I'm asking this because I feel I'm missing something fundamental.
By now most everyone knows that the MNIST images are 28X28 pixels. The keras documentation tells me this about Dense:
Input shape nD tensor with shape: (batch_size, ..., input_dim). The most common situation would be a 2D input with shape (batch_size, input_dim).
So a newbie like me would assume that the images could be fed to the model as a 28*28 matrix. Yet every tutorial I found goes through various gymasntics to convert the images to a single 784-long feature.
Sometimes by
num_pixels = X_train.shape[1] * X_train.shape[2]
model.add(Dense(num_pixels, input_dim=num_pixels, activation='...'))
or
num_pixels = np.prod(X_train.shape[1:])
model.add(Dense(512, activation='...', input_shape=(num_pixels,)))
or
model.add(Dense(units=10, input_dim=28*28, activation='...'))

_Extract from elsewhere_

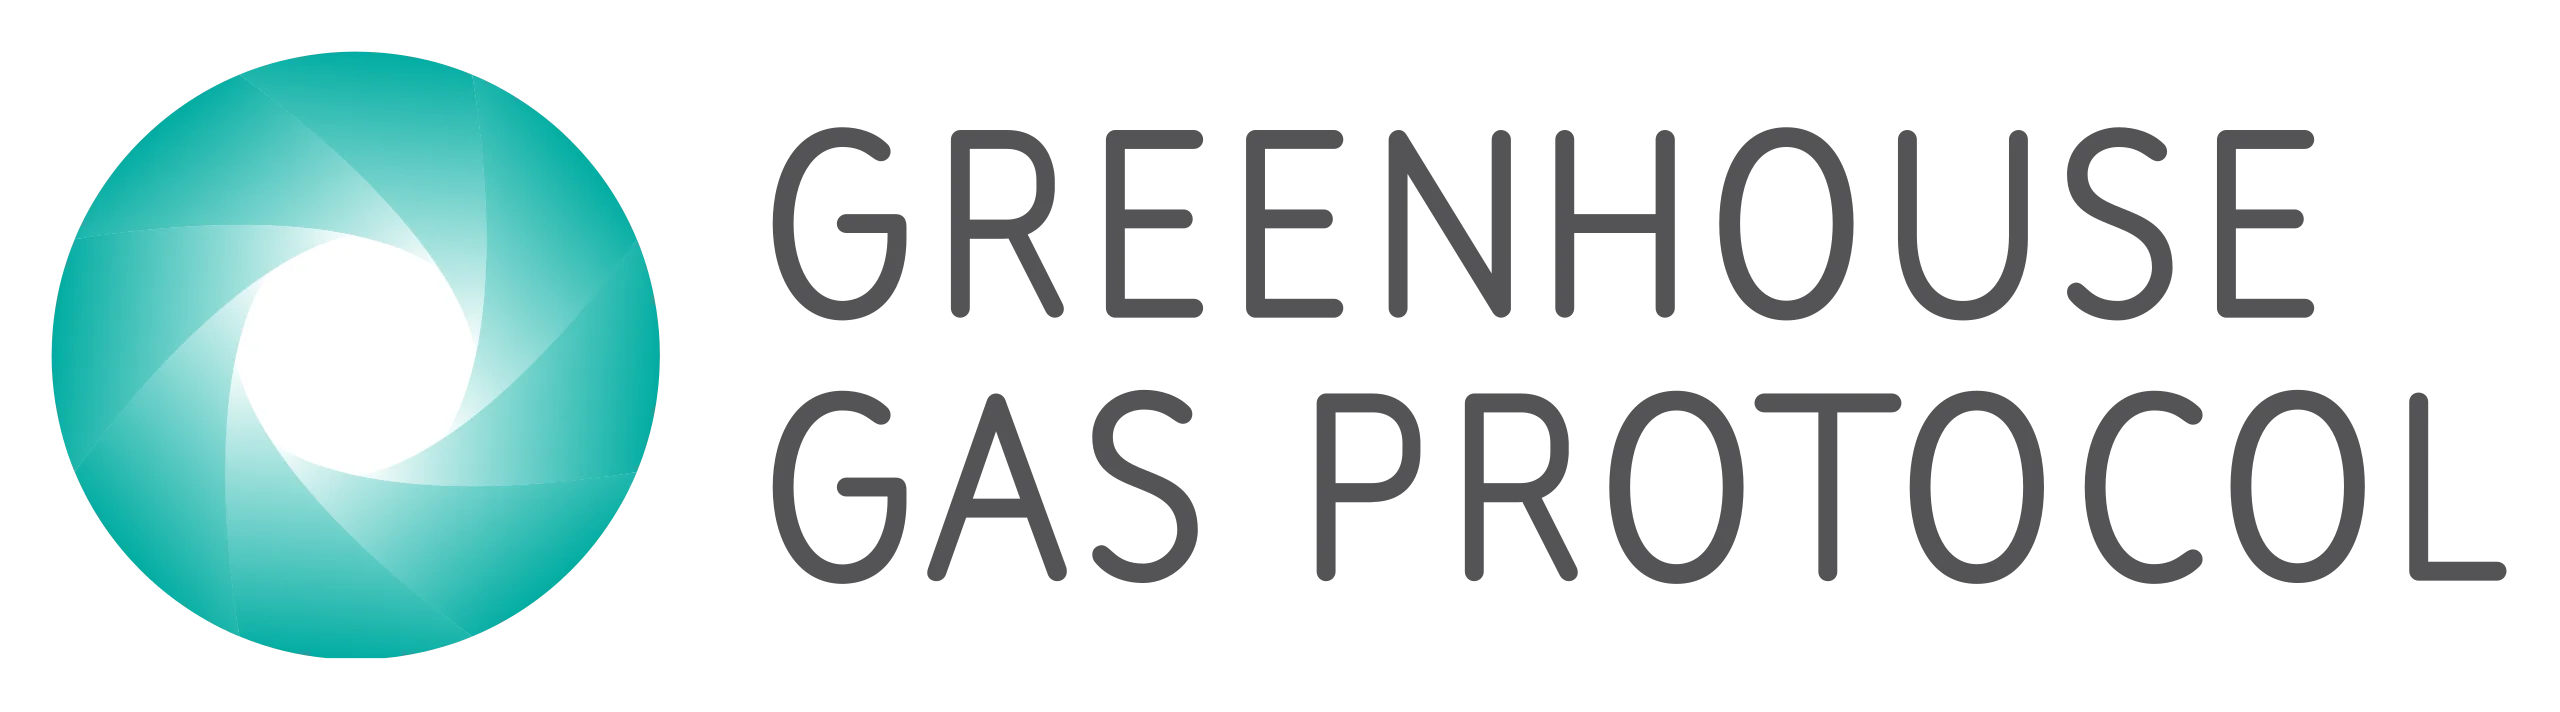 GHG_Protocol_Logo
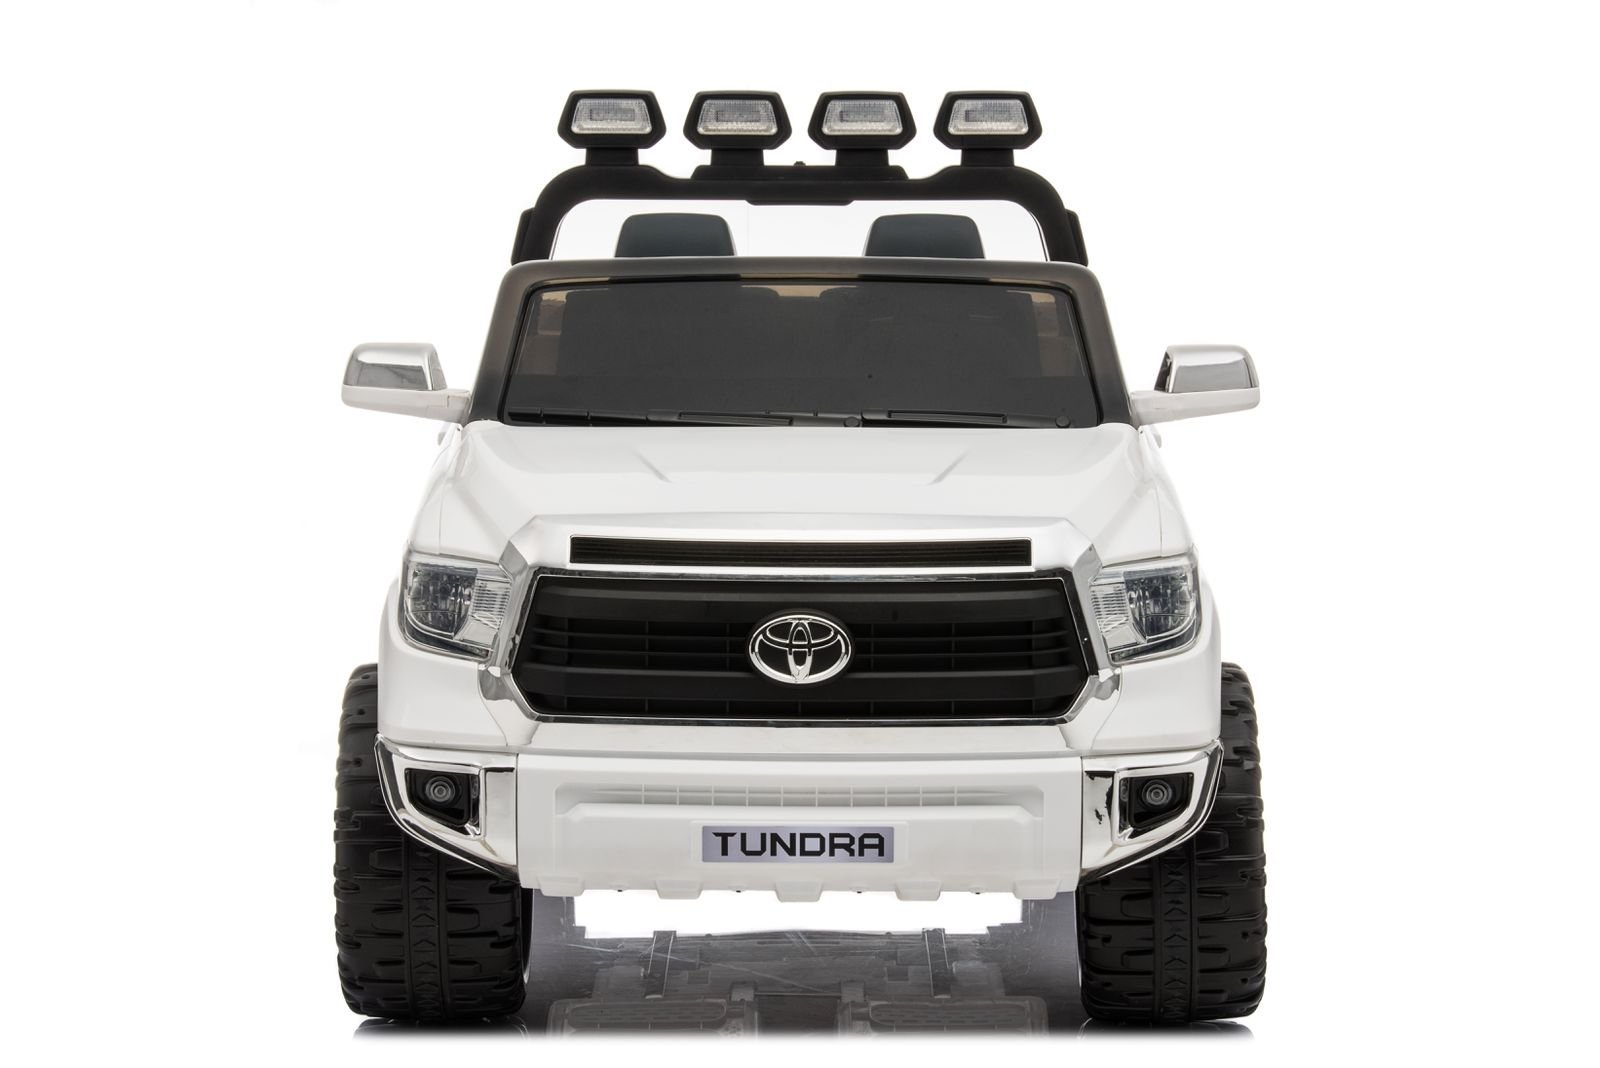 Mini Toyota Tundra Branco Carro Elétrico Infantil A Bateria Para Crianças Motorizado Meninos Meninas

history = model.fit(X_train.reshape((-1,28*28)), ...)
or even:
model = Sequential([Dense(32, input_shape=(784,)), ...),])
So my question is simply - why? Can't Dense just accept an image as-is or, if necessary, just process it "behind the scenes", as it were? And if, as I suspect, this processing has to be done, is any of these methods (or others) inherently preferable?